A 2012 lawsuit unearthed a program called the “Controlled Application Review and Resolution Program,” or CARRP, that many lawyers view as an illegal screening program targeting people from Muslim-majority countries.
The program began without public notice during the last year of George W. Bush’s presidency and has continued until the present day. USCIS has largely refrained from discussing it outside the context of lawsuits and Freedom of Information Act Requests. The American Civil Liberties Union, which is suing to overturn it, estimates that the program delayed more than 40,000 applications from 2008 to 2016 alone.
“We have long-standing concerns that CARRP targets people based on innocent activity and wrongly and unfairly focuses on Muslims and members of Arab, Middle Eastern and South Asian communities,” said Hugh Handeyside, one of the ACLU lawyers suing to halt the program.
USCIS doesn’t tell those targeted by the program why the agency delays their applications.
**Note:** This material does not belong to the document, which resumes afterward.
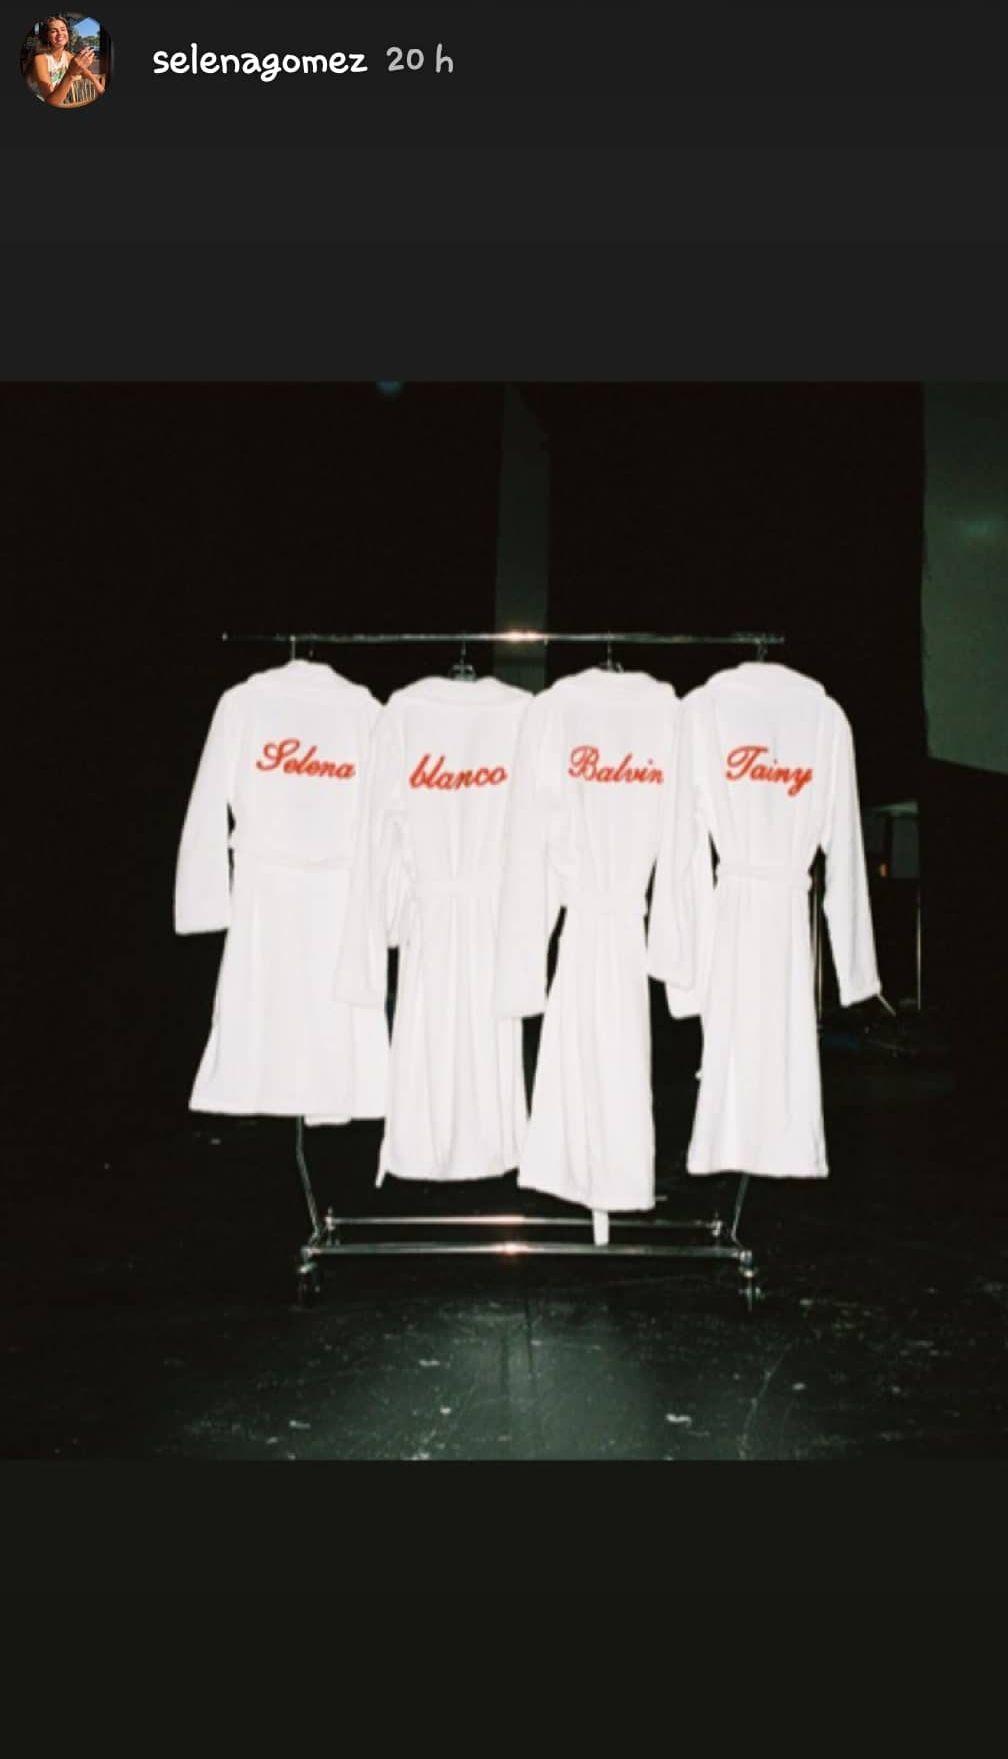 Selena Gomez y J Balvin están trabajando en una colaboración juntos. (Foto: @selenagomez)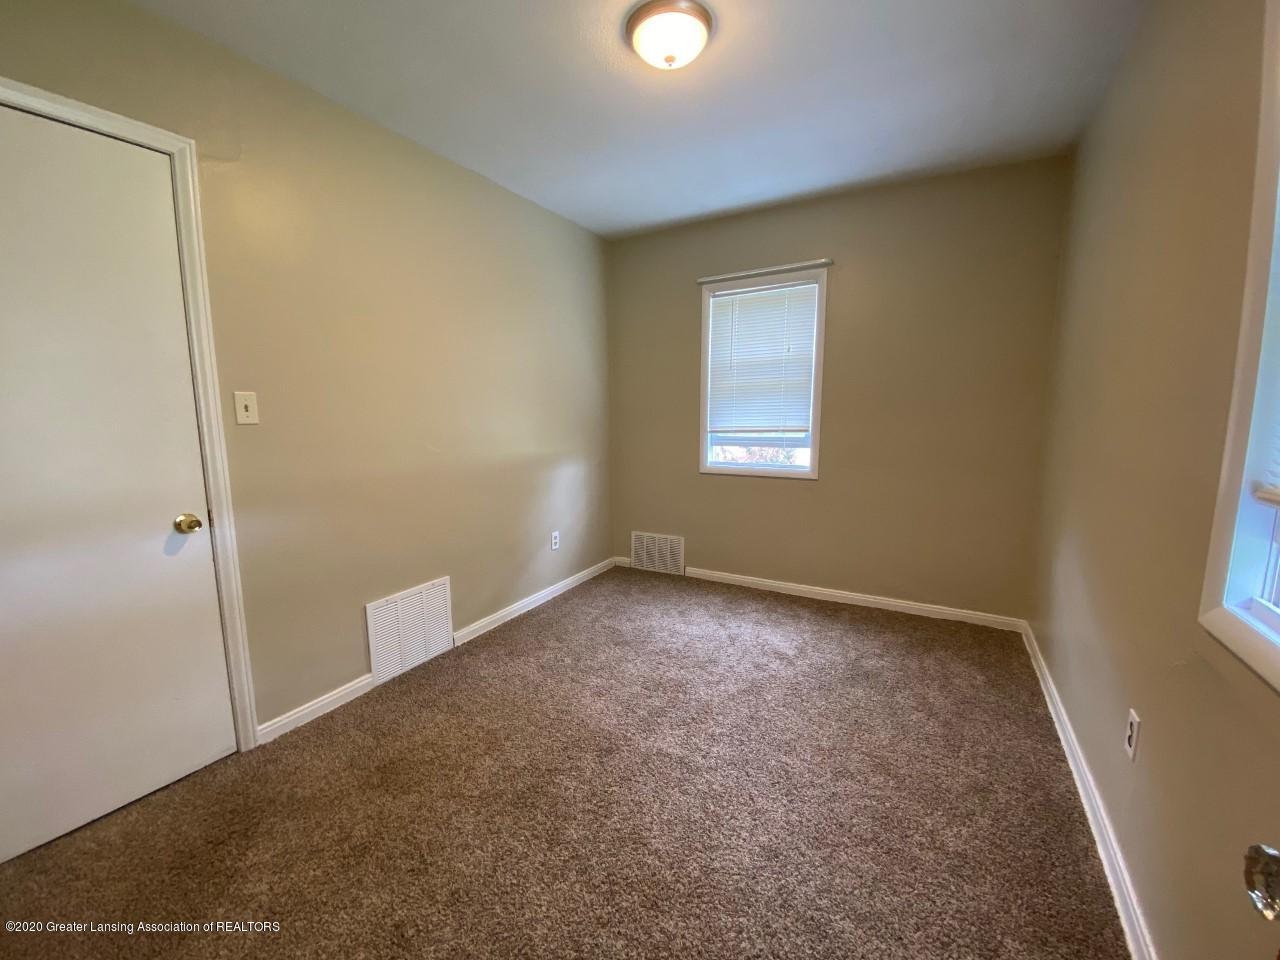 2847 Gramer Rd - Bedroom 2 - 18

But attorney James Hacking, who has filed more than 200 federal lawsuits challenging delays in visa, green card and citizenship applications, said Asif’s case of indefinite delay for an interview over an unspecified background check fits the pattern.
Although Hacking sees the hidden hand of CARRP behind the unspecified delays, he’s never received confirmation. But USCIS almost never fights him when he files the cases, he says.
“Once I sue, things start moving,” Hacking told HuffPost. “It’s sort of like ‘Groundhog Day.’ It’s the same case. It’s the same situation every time.”
For Hacking, a 12-month delay is the benchmark for filing a lawsuit alleging an unconstitutional use of CARRP to derail an application. Asif filed his application nearly two years ago.
“That’s why he’s being treated this way,” Potter said. “Of course, if you’re Muslim, you must be a terrorist. What other reason could it be? … They’ve apparently been doing background checks for close to two years in this case. That doesn’t say much about their ability to do a background check.”
Asif went before a judge at the detention center, who asked if he wanted to apply for asylum. Asif declined. He’s not afraid to return to Spain. He just wants to continue his green card application to remain with his wife. The judge refused to deport him.
That leaves Asif’s case in the hands of his deportation officer, who had yet to speak with him by last week. ICE declined to discuss whether the agency planned to release him.
“I don’t know what they want from me,” Asif said. “I don’t know why they are even holding me here.”
For the moment, he can do little more than wait. ICE detention is “nothing good,” he says, but it’s better than his experience in the hands of Border Patrol. He’s no longer crammed into a room with dozens of other detainees. He gets his own bed. And he can eat the food.